Maybe a better way to say this is that people are comparing the apple of conclusive (flu) evidence against the orange of inconclusive (COVID-19) evidence.

The tentative mortality rates of COVID-19 show that it is somewhere between 7–50 times more lethal than the seasonal flu. In countries that have flattened the curve and put the pandemic in effective remission, we are looking at 3–4% mortality rate. But, this is the United States where we only plateaued instead of flattening the curve and where we still do not have the coronavirus in check.

Other conditions to consider:

  • NO VACCINE: The global community may be on the cusp of developing a vaccine, but as of this moment, we do not have a vaccine to mitigate the threat of COVID. We have annual flu vaccines.
  • NO NATURAL IMMUNITY: Humans do not have a similar-strain immunity to this virus, less defense against COVID. We have a certain amount of immunity to flu.
  • HIGHER MORTALITY RATES: As stated above, the actual mortality rates of COVID vs. seasonal flu is 7–50 times higher.
  • HIGHER COMMUNICABILITY: COVID is 2–3 times more communicable than the seasonal flu… more infectious.
  • TESTING BACKLOGS: The increased numbers of testing have backlogged the system for reporting. It is now taking anywhere from 7 days to 2 weeks to get a test result back.
  • MEDICAL SUPPLY EXHAUSTION: The U.S. healthcare system is now unable to keep up with the rate of admissions and ICU beds than with the seasonal flu. Ventilators are at near capacity. PPE for frontline healthcare workers are stretched. Large cities are using refrigerated 18-wheeler cargo units for storage of deceased bodies.
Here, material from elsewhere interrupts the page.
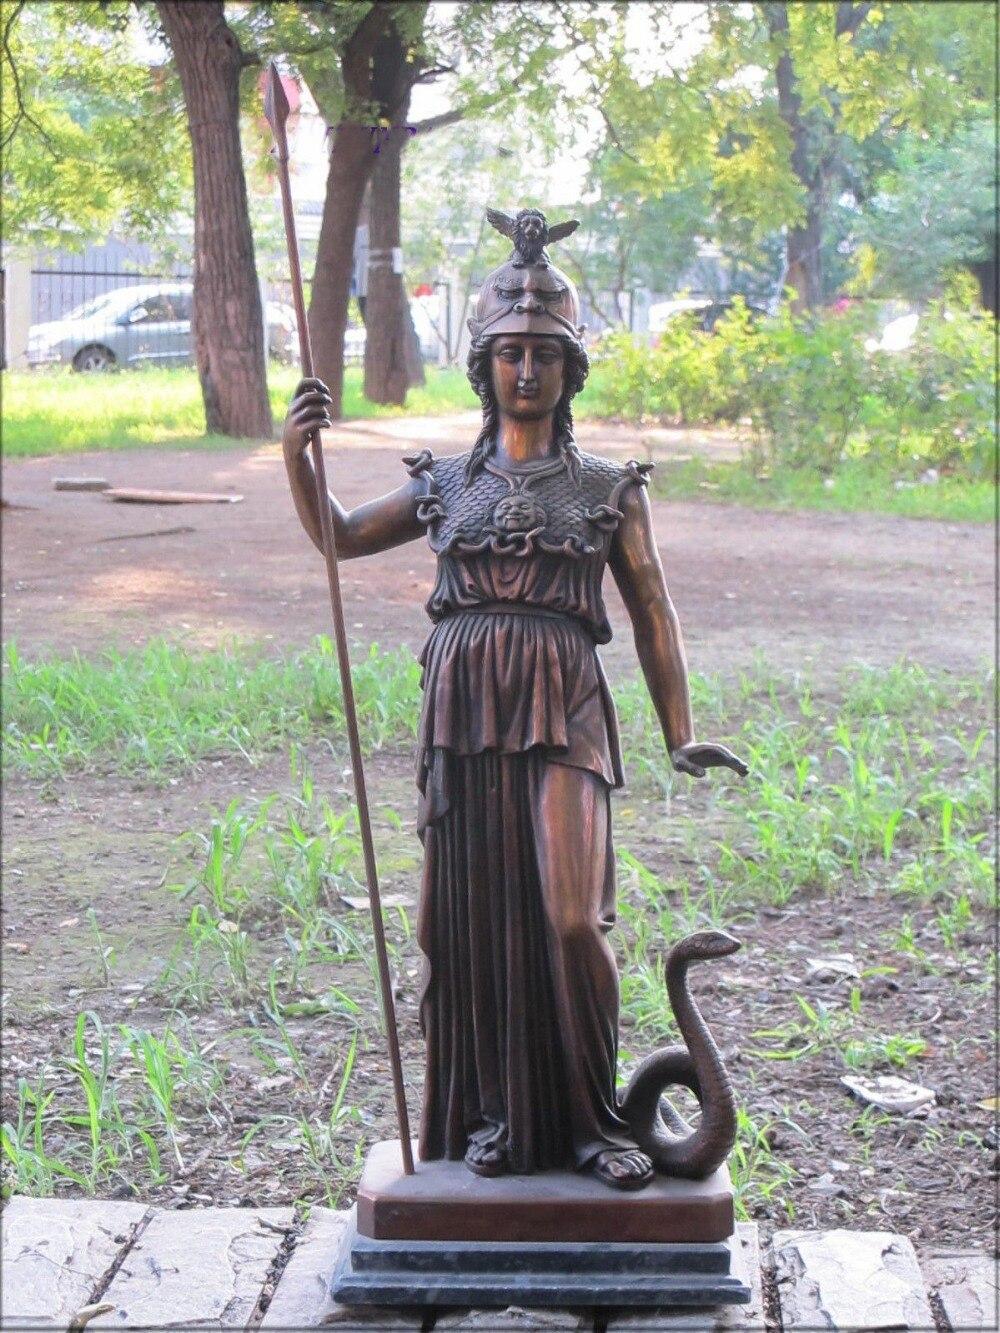 """28 """"الأسطورة اليونانية البرونزي الفن تمثال المحارب الملكة الحرب إلهة أثينا الأسد و ثعبان-في تماثيل ومنحوتات من المنزل والحديقة على title="""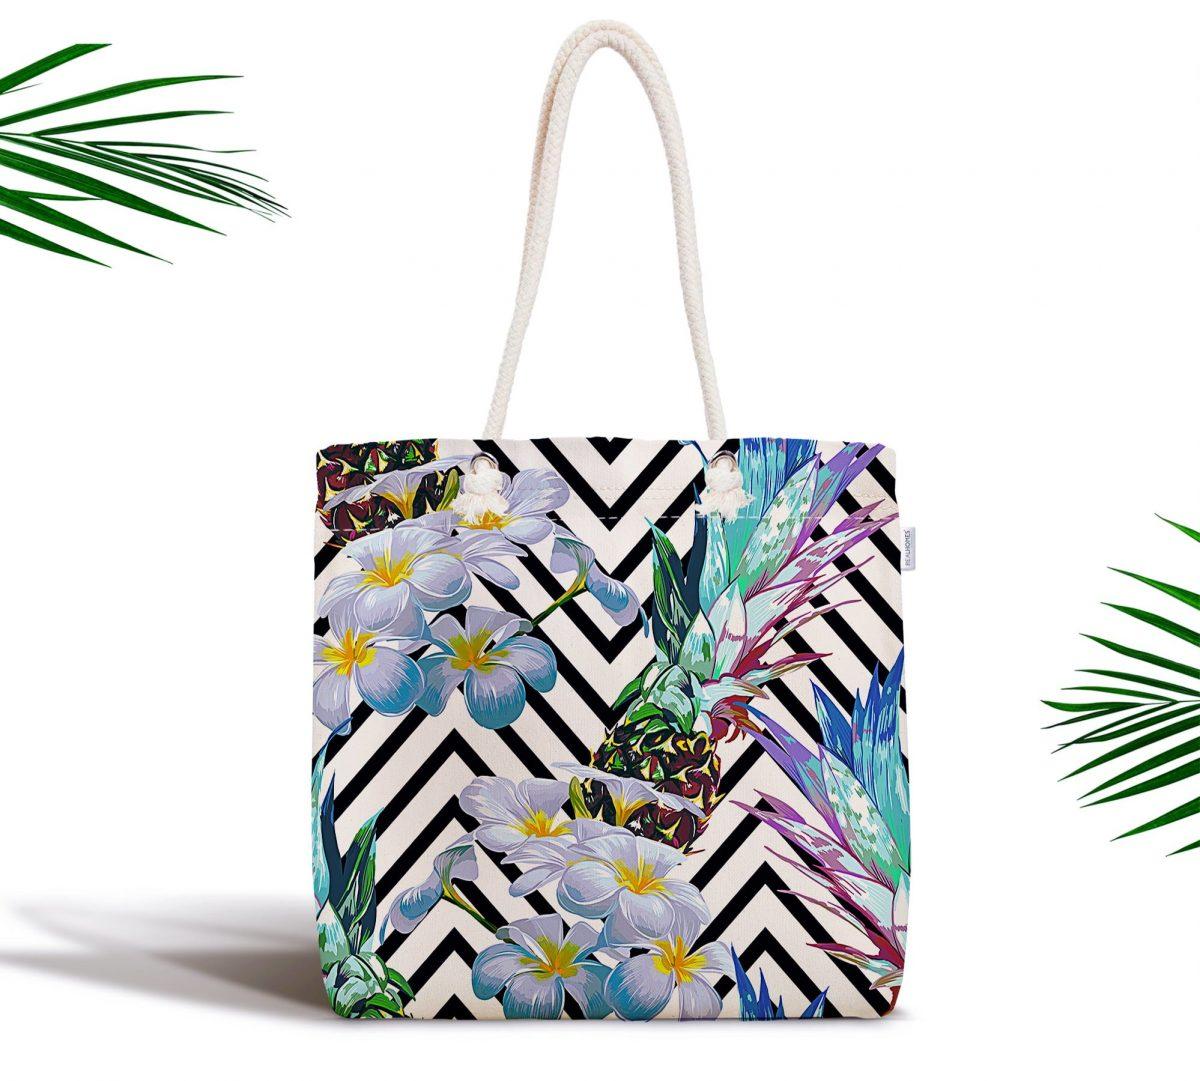 Zigzag Zeminli Yaz Egzotiği Özel Tasarımlı Fermuarlı Kumaş Çanta Realhomes

As we enter the seasonal flu season, this burden on healthcare will potentially make the flu even worse this year.
  • HEALTHCARE WORKER SUSCEPTIBILITY: With the U.S. healthcare system buckling, the workers that we need most to fight the viral spread and infection are, themselves, getting infected and not able to work (or worse yet, they are dying because of COVID).

If you want to make it just about the numbers, then taking all of the other conditions that I’ve just mentioned out of the equation allows you to do so (making an orange into an apple in the process).

And, now, the White House has taken the reporting data out of the hands of the CDC and moved them to HHS. Let me guess… suddenly the numbers will start improving miraculously?